Problem description
After finding "Dining chairs by" in a line below, print that line and the rest of the lines exactly, leaving out all pictures.

Collected data
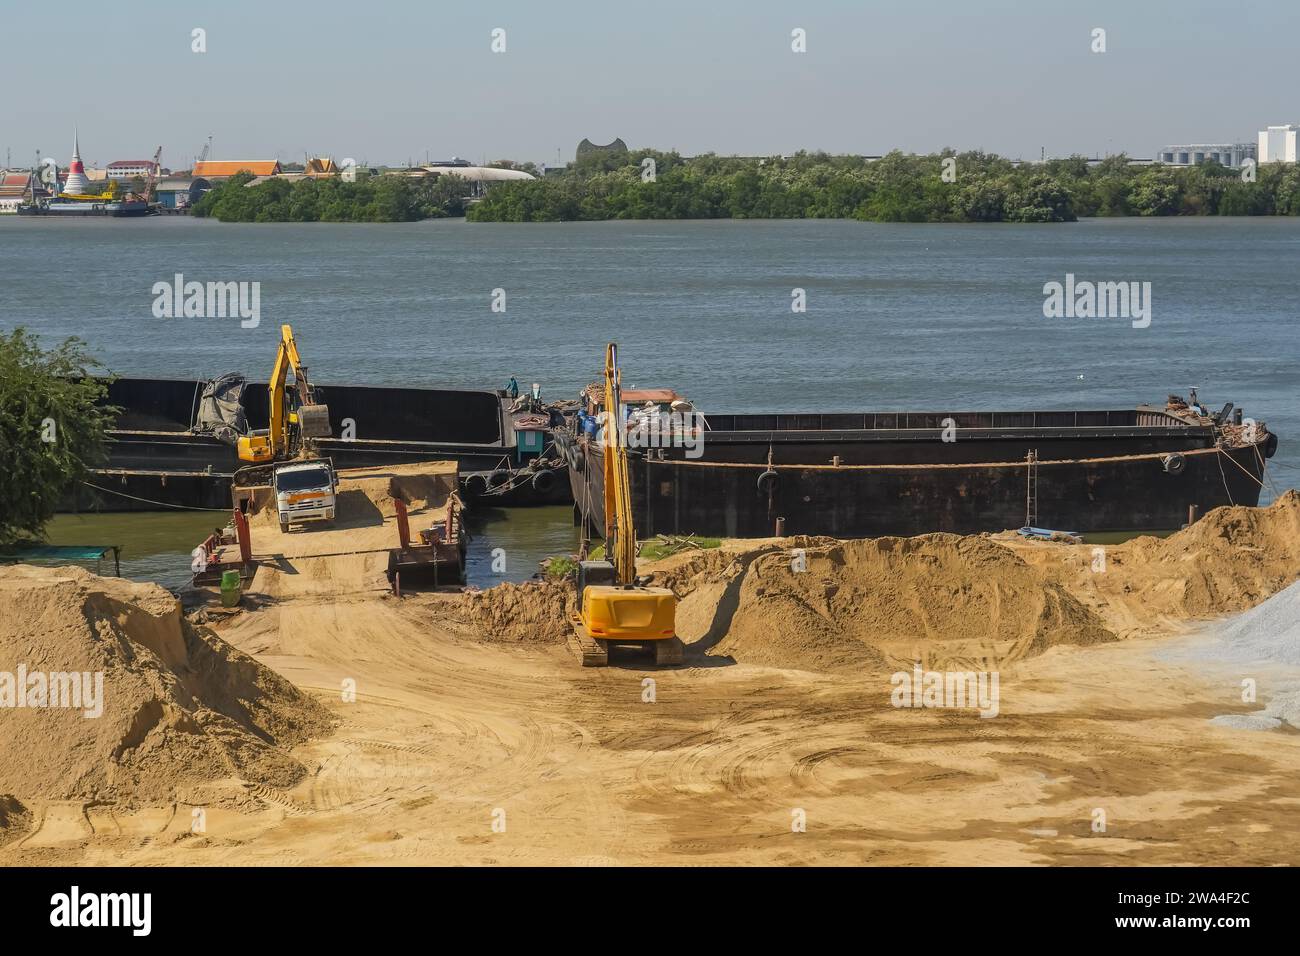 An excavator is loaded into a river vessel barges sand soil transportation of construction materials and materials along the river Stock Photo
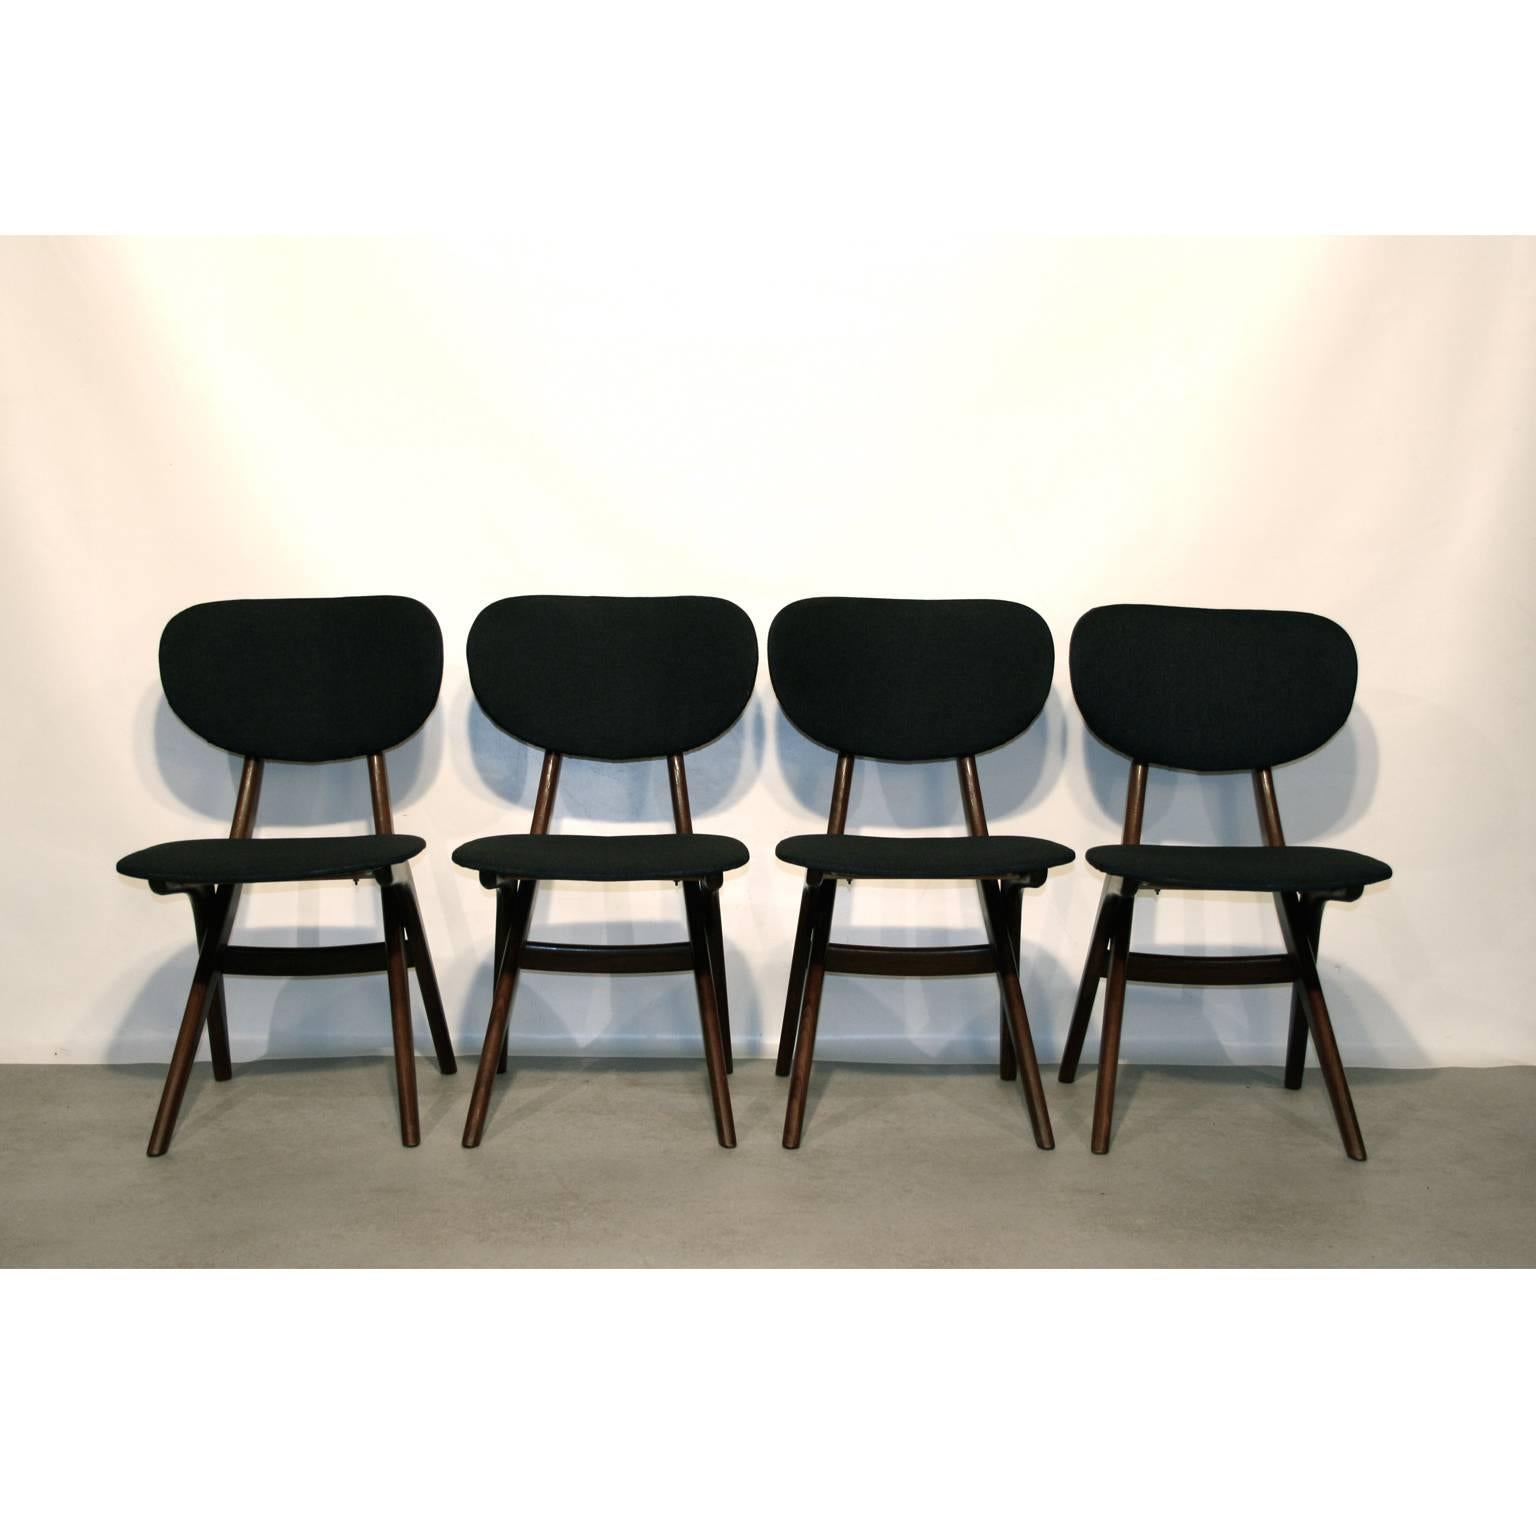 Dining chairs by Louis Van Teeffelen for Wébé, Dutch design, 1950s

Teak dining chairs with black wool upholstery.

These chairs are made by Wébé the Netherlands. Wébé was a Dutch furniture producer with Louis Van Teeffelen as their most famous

Written answer
 Dining chairs by Louis Van Teeffelen for Wébé, Dutch design, 1950s

Teak dining chairs with black wool upholstery.

These chairs are made by Wébé the Netherlands. Wébé was a Dutch furniture producer with Louis Van Teeffelen as their most famous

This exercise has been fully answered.